I recently wrote a small number-crunching program that basically loops over an N-dimensional grid and performs some calculation at each point.
for (int i1 =
If you never coded a multithread application, I bare you to begin with OpenMP:
In your example, you should just have to add this pragma:
#pragma omp parallel shared(histogram)
{
for (int i1 = 0; i1 < N; i1++)
for (int i2 = 0; i2 < N; i2++)
for (int i3 = 0; i3 < N; i3++)
for (int i4 = 0; i4 < N; i4++)
histogram[bin_index(i1, i2, i3, i4)] += 1;
}
With this pragma, the compiler will add some instruction to create threads, launch them, add some mutexes around accesses to the histogram
variable etc... There are a lot of options, but well defined pragma do all the work for you. Basically, the simplicity depends on the data dependency.
Of course, the result should not be optimal as if you coded all by hand. But if you don't have load balancing problem, you maybe could approach a 2x speed up. Actually this is only write in matrix with no spacial dependency in it.
The first approach is simple. It is also sufficient if you expect that the load will be balanced evenly over the threads. In some cases, especially if the complexity of bin_index is very dependant on the parameter values, one of the threads could end up with a much heavier task than the rest. Remember: the task is finished when the last threads finishes.
The second approach is a bit more complicated, but balances the load more evenly if the tasks are finegrained enough (the number of tasks is much larger than the number of threads).
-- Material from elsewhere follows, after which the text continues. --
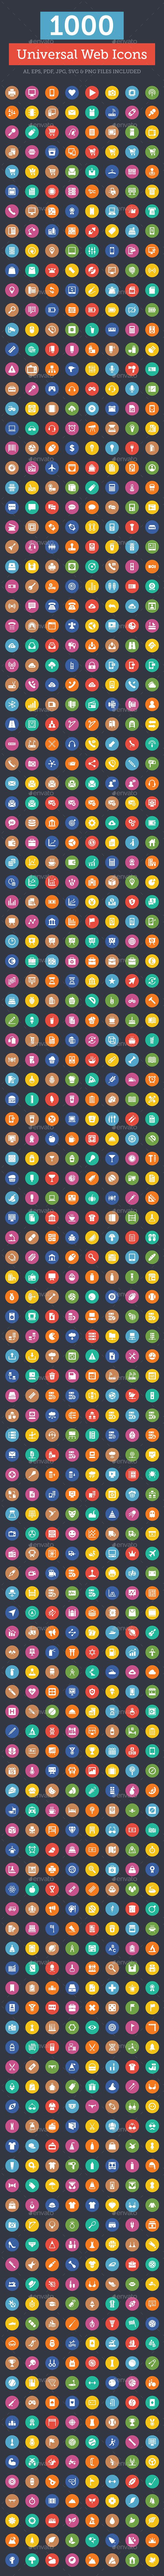 1000+ Universal Web Icons - Web Icons

Note that you may have issues putting the calculations in separate threads. Make sure that bin_index works correctly when multiple threads execute it simultaneously. Beware of the use of global or static variables for intermediate results.
Also, "histogram[bin_index(i1, i2, i3, i4)] += 1" could be interrupted by another thread, causing the result to be incorrect (if the assignment fetches the value, increments it and stores the resulting value in the array). You could introduce a local histogram for each thread and combine the results to a single histogram when all threads have finished. You could also make sure that only one thread is modifying the histogram at the same time, but that may cause the threads to block each other most of the time.
I would do something like this:
void HistogramThread(int i1, Action<int[]> HandleResults)
{
int[] histogram = new int[HistogramSize];
for (int i2 = 0; i2 < N; i2++)
for (int i3 = 0; i3 < N; i3++)
for (int i4 = 0; i4 < N; i4++)
histogram[bin_index(i1, i2, i3, i4)] += 1;
HandleResults(histogram);
}
int[] CalculateHistogram()
{
int[] histogram = new int[HistogramSize];
ThreadPool pool; // I don't know syntax off the top of my head
for (int i1=0; i1<N; i1++)
{
pool.AddNewThread(HistogramThread, i1, delegate(int[] h)
{
lock (histogram)
{
for (int i=0; i<HistogramSize; i++)
histogram[i] += h[i];
}
});
}
pool.WaitForAllThreadsToFinish();
return histogram;
}
This way you don't need to share any memory, until the end.
I agree with Sharptooth that your first approach seems like the only plausible one.
Your single threaded app is continuously assigning to memory. To get any speedup, your several threads would need to also be continuously assigning to memory. If only one thread is assigning at a time, you would get no speedup at all. So if your assignments are guarded, the whole exercise would fail.
This would be a dangerous approach since you assigning to shared memory without a guard. But it seems to be worth the danger (if a x2 speedup matters). If you can be sure that all the values of bin_index(i1, i2, i3, i4) are different in your division of the loop, then it should work since the array assignment would be to a different locations in your shared memory. Still, one always should look and hard at approaches like this.
I assume you would also produce a test routine to compare the results of the two versions.
Looking at your bin_index(i1, i2, i3, i4), I suspect your process could not be parallelized without considerable effort.
The only way to divide up the work of calculation in your loop is, again, to be sure that your threads will access the same areas in memory. However, it looks like bin_index(i1, i2, i3, i4) will likely repeat values quite often. You might divide up the iteration into the conditions where bin_index is higher than a cutoff and where it is lower than a cut-off. Or you could divide it arbitrarily and see whether increment is implemented atomically. But any complex threading approach looks unlikely to provide improvement if you can only have two cores to work with to start with.
As I understand it, OpenMP was made just for what you are trying to do, although I have to admit I have not used it yet myself. Basically it seems to boil down to just including a header and adding a pragma clause.
You could probably also use Intel's Thread Building Blocks Library.
If you ever do it in .NET, use the Parallel Extensions.